At the start of this term, we were studying an article in the literature book, ‘I have a dream’ and I thought it would be interesting for them. I knew that my students like to talk and share their opinions, so I knew that it would be something they would want to do. By chance, one of my colleagues mentioned that Martin Luther King’s Day was in January. It coincided with the day that I had general assembly in the morning. I suggested to the girls that we could do something related to the topic. They came up with the idea to do a Rosa Parks scene in the bus.

A view of the Marin Luther King project.
A view of the Martin Luther King Jr. project.

Did they dramatise it?

Yes. It was fun. One of the earliest challenges we faced was the language of the speech but they enjoyed it a lot. They had handcuffs, guns…plastic ones! (Laughing). They are not allowed to bring real guns to school! So they brought moustaches and set everything for the whole scene. They did the scene with Rosa Parks and a part of Mr King’s speech. They had banners and they were calling for freedom and equality. One of the girls acted like Mr King. She wore a suit and tie. It was very nice. They had one week only to prepare for the morning assembly and a photo gallery of the Washington march in 1963.

What were some of the surprises that the project revealed?

They were Grade nine girls and all the girls worked beautifully together even the shy ones.
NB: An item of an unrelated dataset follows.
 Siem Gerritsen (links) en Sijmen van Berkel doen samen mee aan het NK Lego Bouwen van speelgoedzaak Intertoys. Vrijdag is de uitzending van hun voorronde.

After the assembly, we had the exhibition and invited the principal and all the administrative staff. They had put a lot of work into doing the research, making the posters and banners. They used the laptop to play some of the speech remixes. They were so enthusiastic about it. The principal admired their work. The girls were so proud of themselves. I remember one of the girls coming to me afterwards and saying ‘Miss, we have never done anything like this in our lives before and I was not confident but today you gave me a huge push and I am so happy’. One of the other girls sent me a note saying, ‘thank you, Miss. You are doing a great job.’
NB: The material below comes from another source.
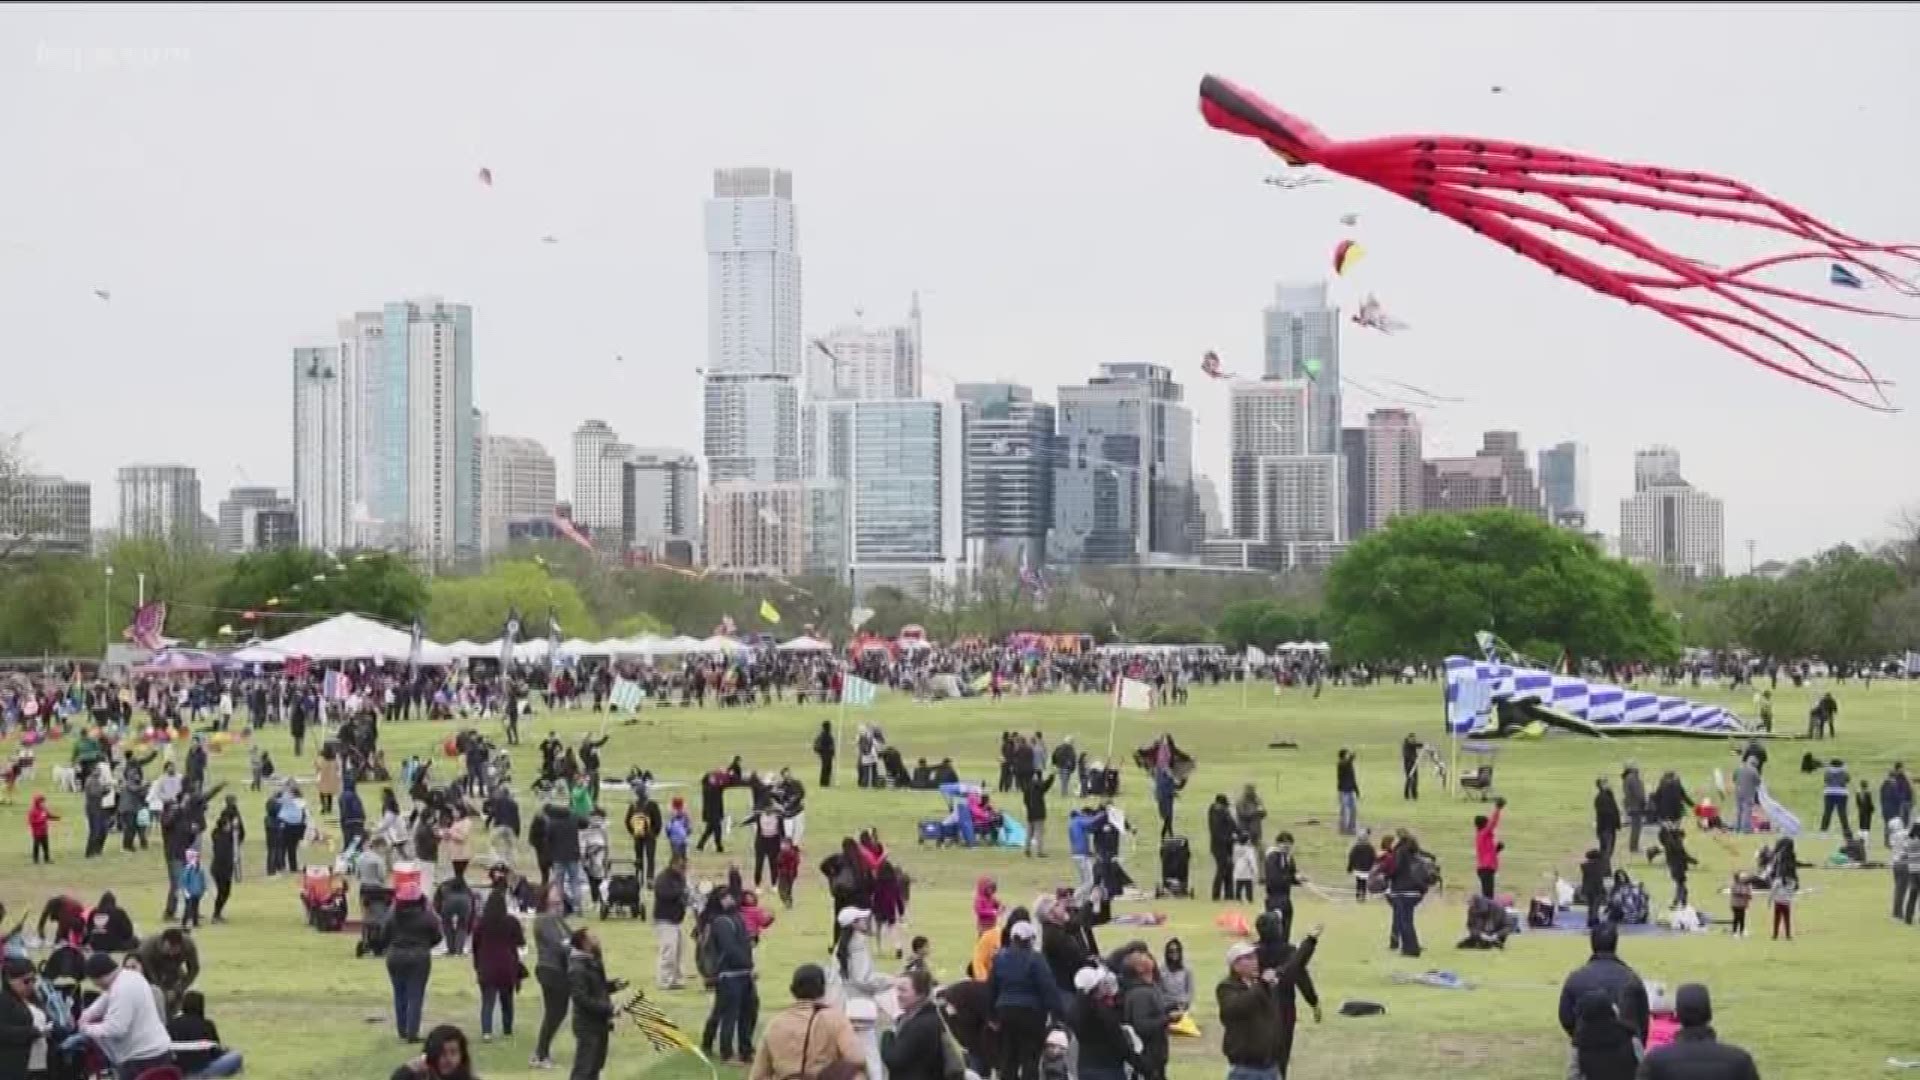 cedar park kite festival

That must have made you feel proud…

Oh yes, very proud of them. I am proud of what they gave us and how well they spoke. To be honest, I felt proud of myself too because I started teaching because I felt that I had something to give. Teaching is the most noble and rewarding job in the world yet it’s the hardest. So finally, when that happened, I was really proud like I had something to give and its there and I saw it! You put your efforts into planning, preparing the activities and lessons and yet the results of tests frustrate you when they don’t match what they’ve done in the classroom. So when you get such a result of your students, you get a bit disappointed and you feel that all your time has gone in vain. When you see good results, that’s when you forget all your tiredness and exhaustion and you just enjoy the moment.

I use a Twitter board as a kind of assessment or plenary at the end of our lessons to see if they have any questions.
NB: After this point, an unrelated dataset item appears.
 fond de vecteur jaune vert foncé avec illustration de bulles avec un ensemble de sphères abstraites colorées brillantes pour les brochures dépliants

Your Twitter board is a really innovative idea especially since young people use Twitter all the time. Was it your idea?

Yes. The students are very into technology in general.  I check it after they leave each day to see if they have any questions. It helps because even the shy students who don’t talk in class are posting Tweets.

What project do you have next?

We actually did one yesterday with my Grade 10 girls. We had a reading lesson about alternative medicine. The girls wanted to do a project about that lesson. They did a dramatisation of it. Dramatisation is interesting to some of the students and you have to know your students well before you choose an activity for them. I have done a small survey of my students to determine whether they were visual, auditory or kinaesthetic learners. So I can plan my activities better. Grade ten girls love to learn through music and drama. My Grade nine girls enjoy discussions and debating. They are really confident and sometimes support their points with research.

What is the best advice that you have received?

(Laughing) I have a few. My mom always says that I can achieve the impossible. I just need to organise my time and be more focused. My principal, Mr Naser always encourages me to never be afraid to try new methods. He says that we should go and try it and not to be afraid of a challenge.